REQUIRED WORK: What is needed is a faithful transcription of all the data below, pictures excluded.

AVAILABLE DATA:
____

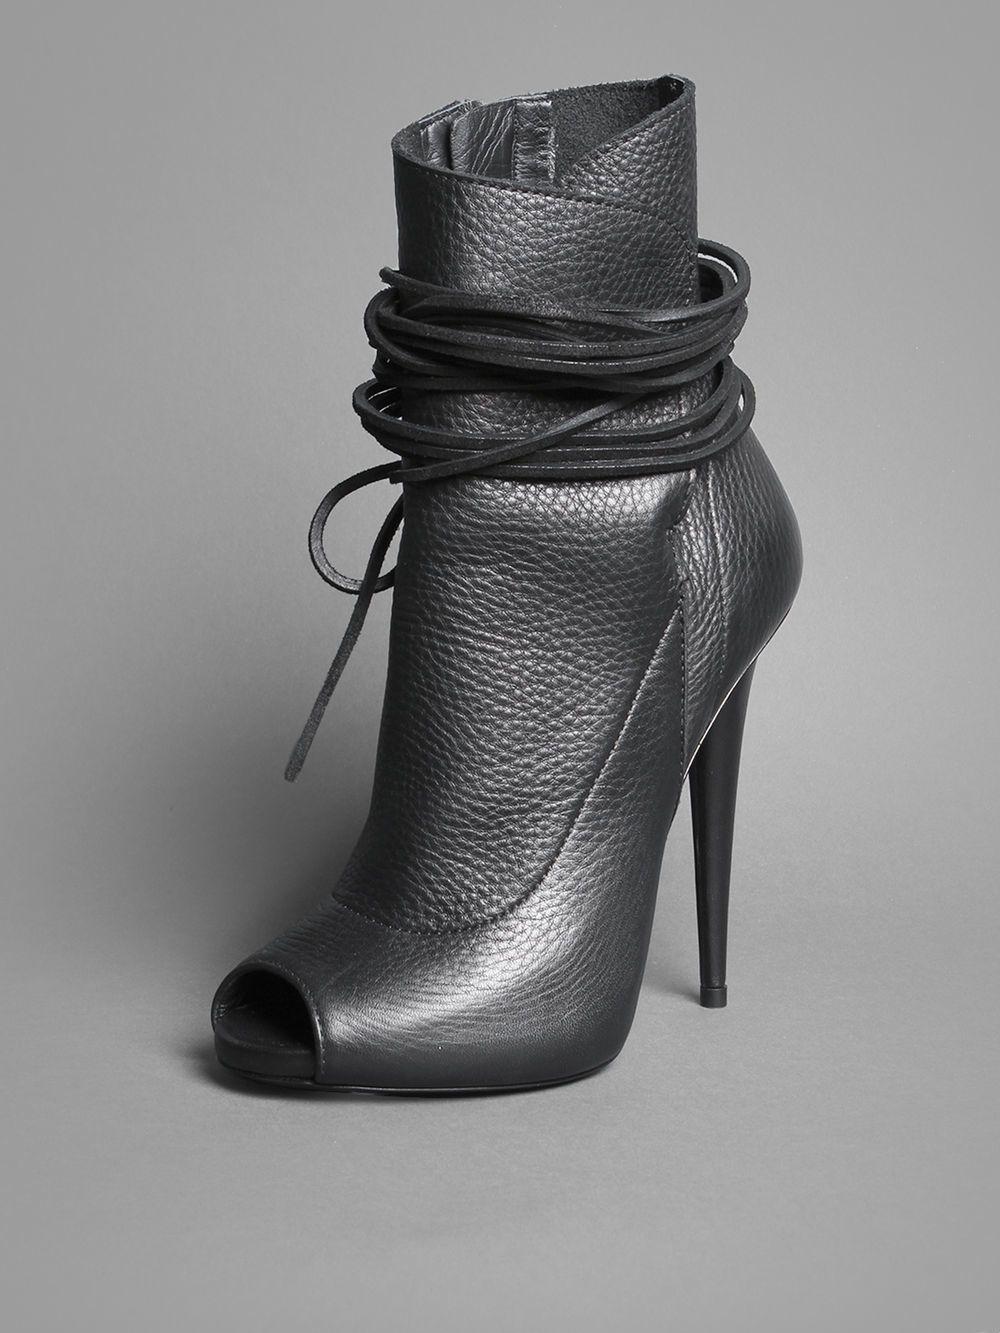 04f04b859e0 Antonioli Online Boutique - Antonioli.eu Mules Talons, Talons Sexy, Women's  Shoes,
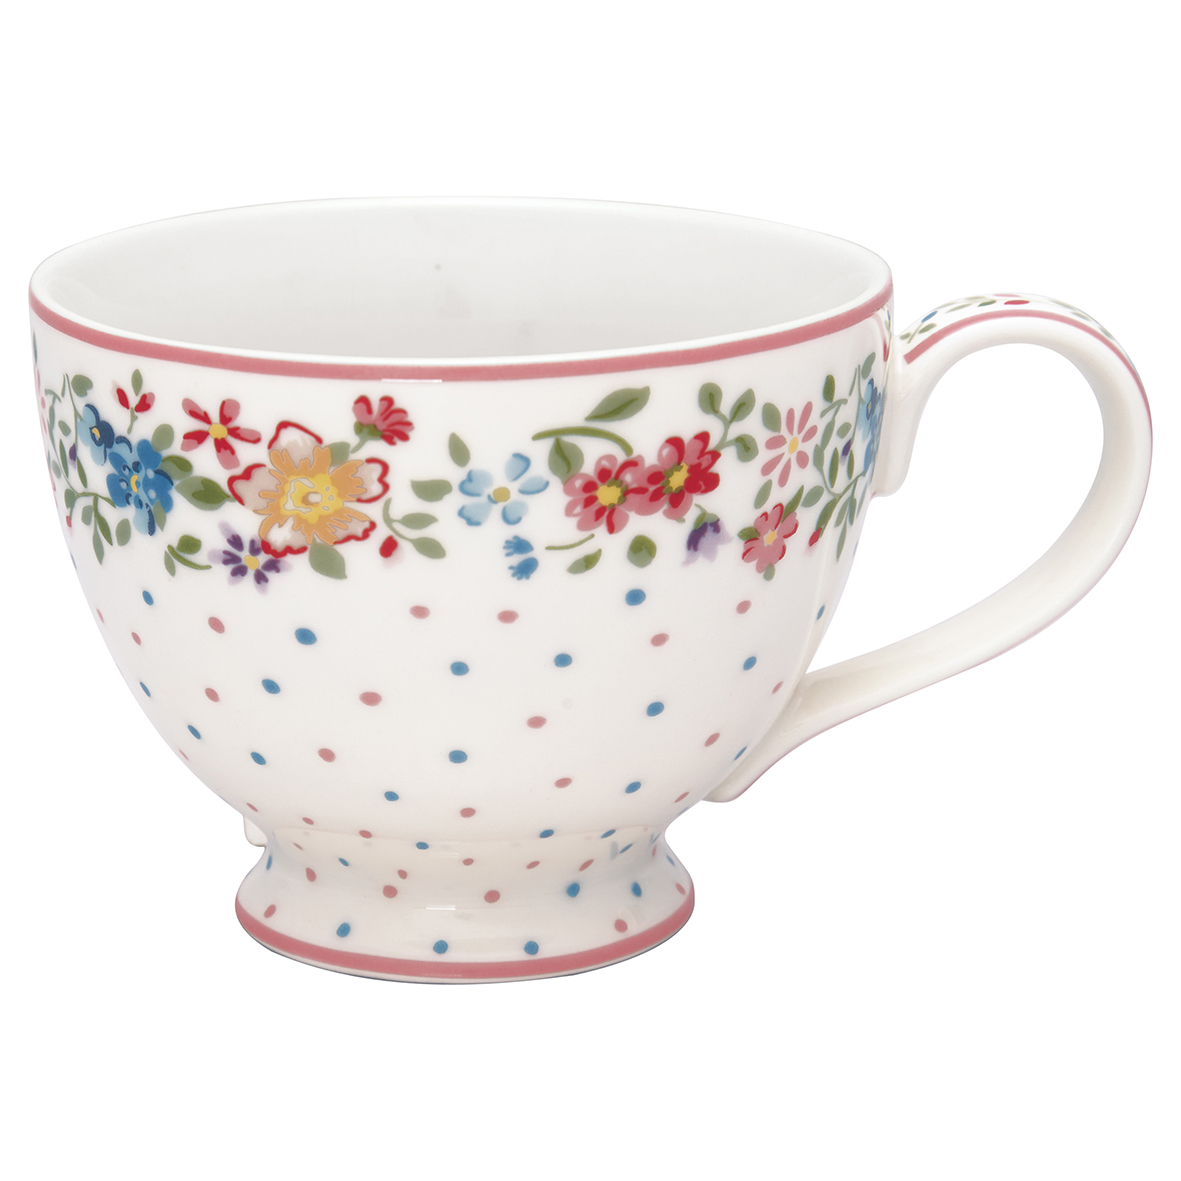 Greengate Teacup Belle white Becher
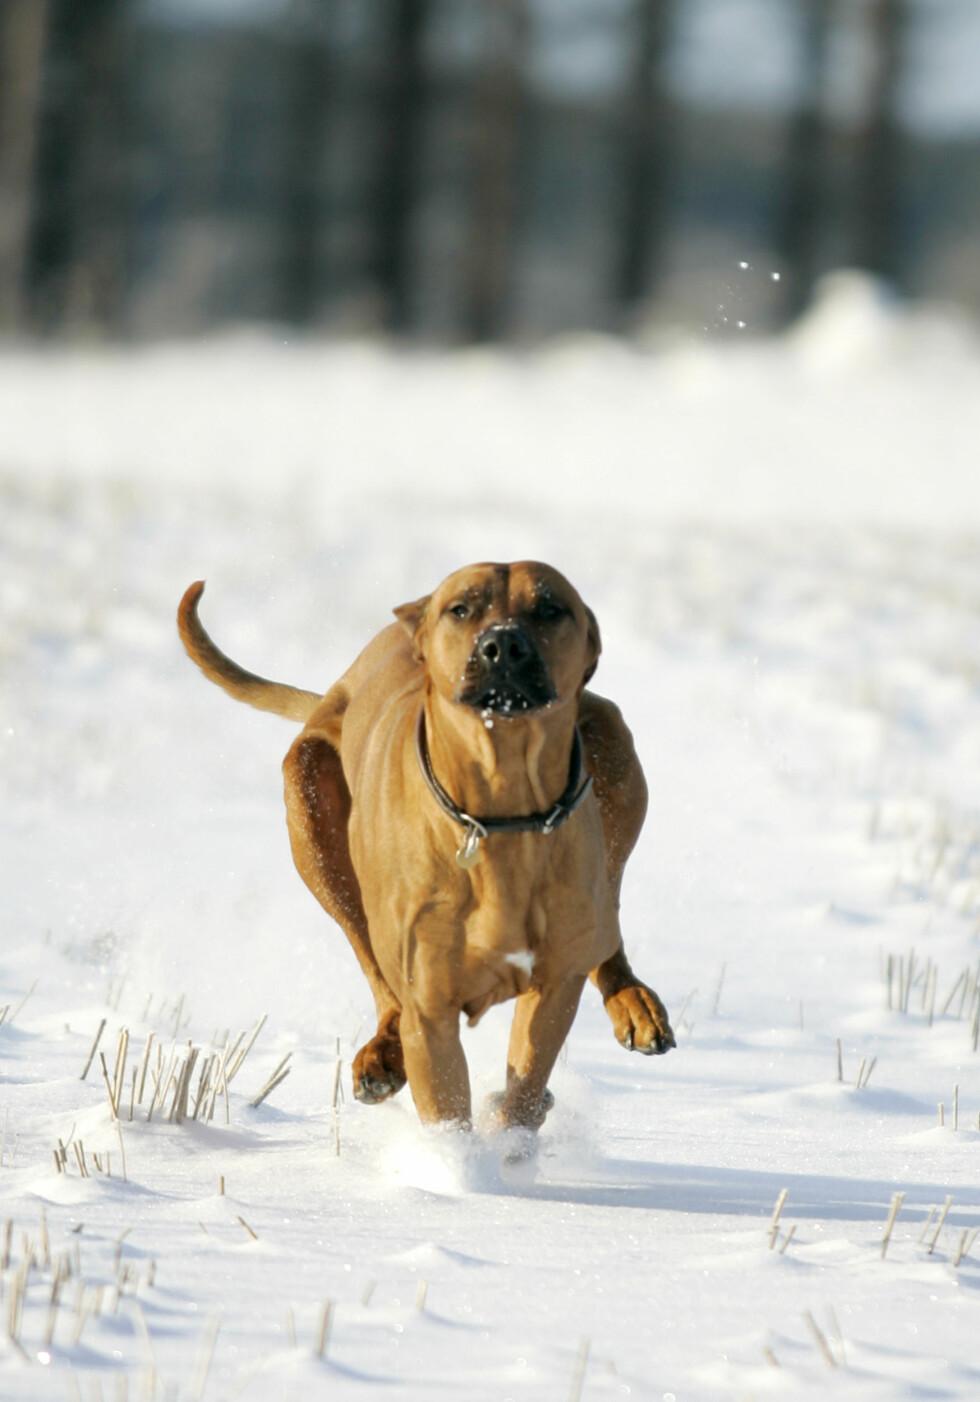 Sol og masse snø betyr at du kan knipse med svært korte lukkertid og dermed fryse et actionbilde. Foto: Colourbox.com

____

RESULT FOR THIS TASK:
 04f04b859e0 Antonioli Online Boutique - Antonioli.eu Mules Talons, Talons Sexy, Women's  Shoes,
 Greengate Teacup Belle white Becher
 Sol og masse snø betyr at du kan knipse med svært korte lukkertid og dermed fryse et actionbilde. Foto: Colourbox.com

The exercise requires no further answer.